I have a jupyter notebook which has ~400 cells. The total file size is 8MB so I'd like to suppress the output cells that have a large size so as to reduce the overall file size.
There are quite a few possible output cells that could be causing this (mainly matplotlib and seaborn plots) so to avoid spending time on trial and error, is there a way of finding the size of each output cell? I'd like to keep as many output plots as possible as I'll be pushing the work to github for others to see.
My idea with nbformat to iterate on the cells in your notebook and check which one had the larger base64 storage spelled out with code for running in a cell in a Jupyter notebook cell to get the code cell numbers listed largest to smallest (it will fetch a notebook example first to have something to try it on; after establishing it works, substitute that file name after placing this script alongside your own .ipynb
notebook file):
############### Get test notebook ########################################
import os
notebook_example = "matplotlib3d-scatter-plots.ipynb"

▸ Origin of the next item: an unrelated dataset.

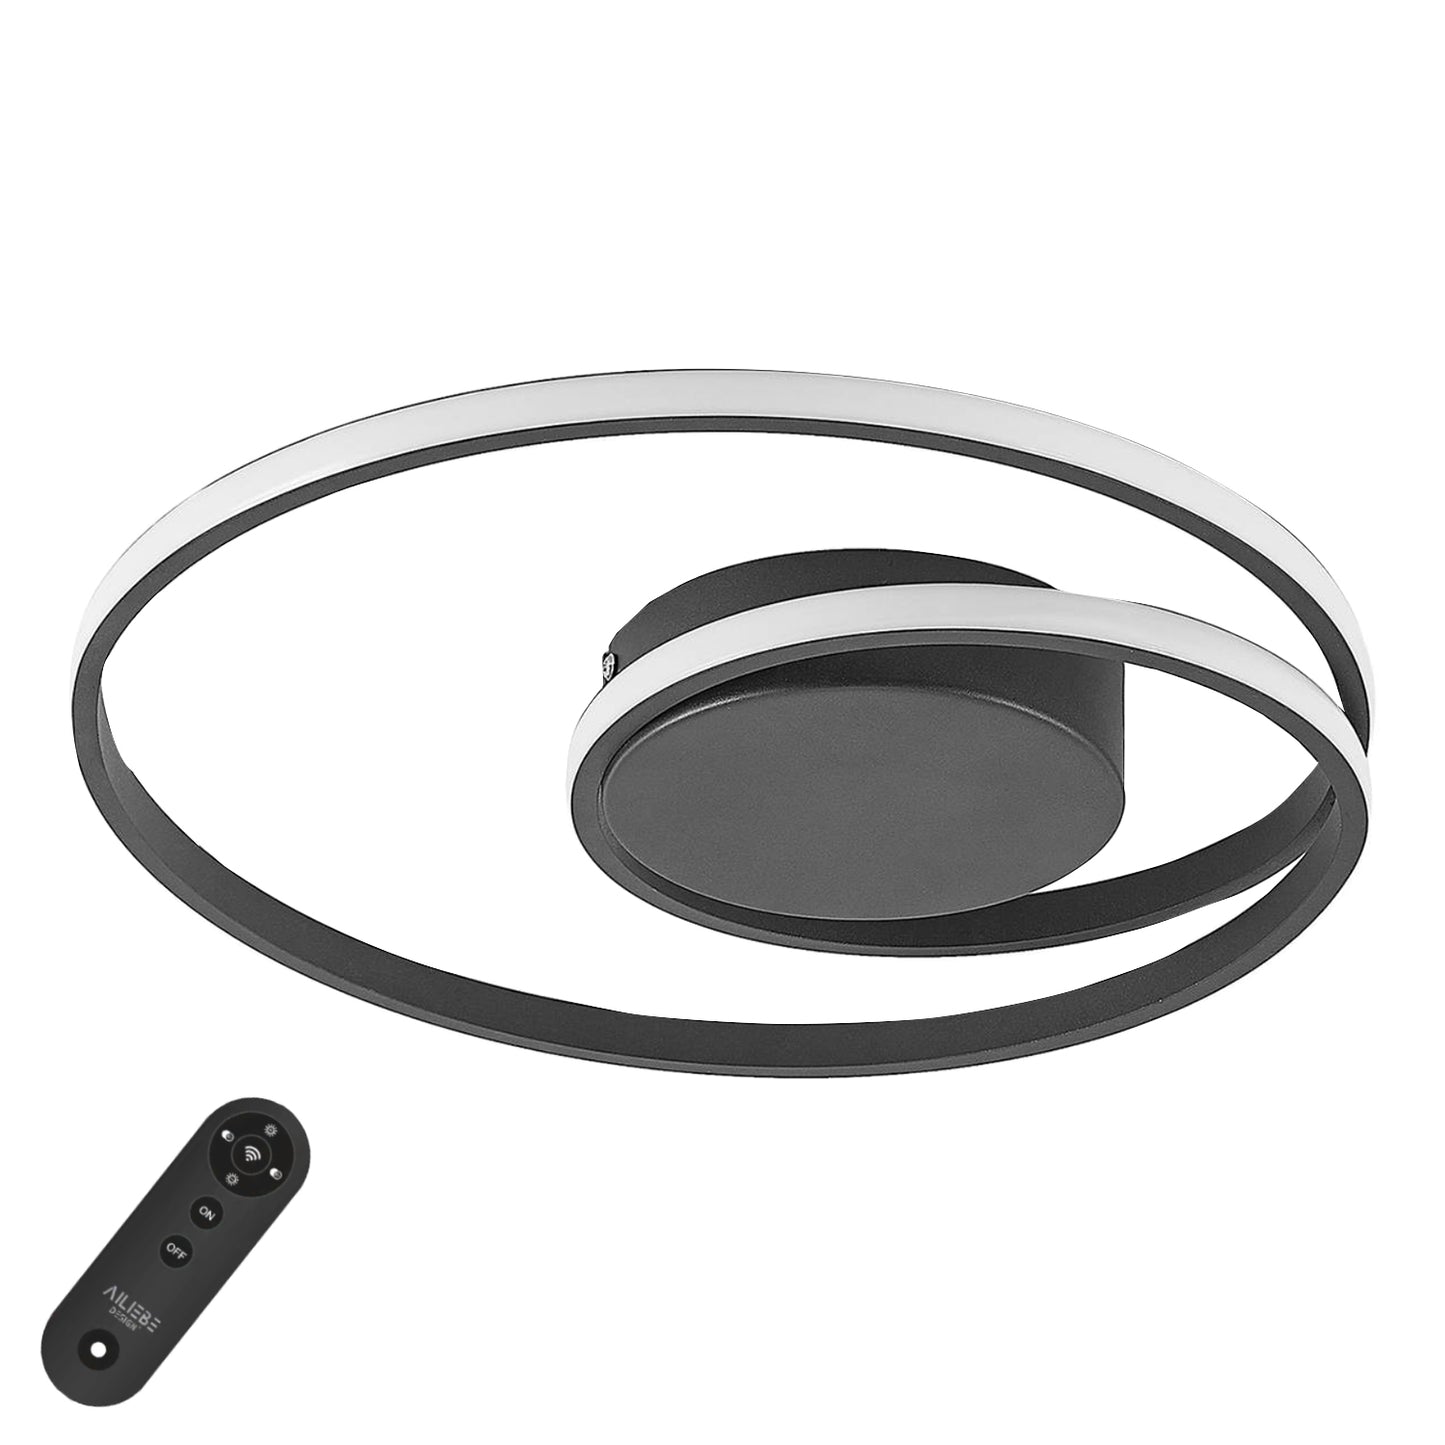 Ailiebe Design® LED-Deckenleuchte Dimmbar mit Fernbedienung mit Memory Funktion Modern Kreativ Durchmesser 46cm Kreis Spirale Schwarz AILIEBE005

if not os.path.isfile(notebook_example):
!curl -OL https://raw.githubusercontent.com/fomightez/3Dscatter_plot-binder/master/matplotlib3d-scatter-plots.ipynb
### Use nbformat to get estimate of output size from code cells. #########
import nbformat as nbf
ntbk = nbf.read(notebook_example, nbf.NO_CONVERT)
size_estimate_dict = {}
for cell in ntbk.cells:
if cell.cell_type == 'code':
size_estimate_dict[cell.execution_count] = len(str(cell.outputs))
out_size_info = [k for k, v in sorted(size_estimate_dict.items(), key=lambda item: item[1],reverse=True)]
out_size_info
(To have a place to easily run that code go here and click on the launch binder
button. When the session spins up, open a new notebook and paste in the code and run it. Static form of the notebook is here.)
Example I tried didn't include Plotly, but it seemed to do similar using a notebook with all Plotly plots. I don't know how it will handle a mix though. It may not sort perfectly if different kinds.
Hopefully, this gives you an idea though how to do what you wondered. The code example could be further expanded to use the retrieved size estimates to have nbformat make a copy of the input notebook without the output showing for, say, the top ten largest code cells.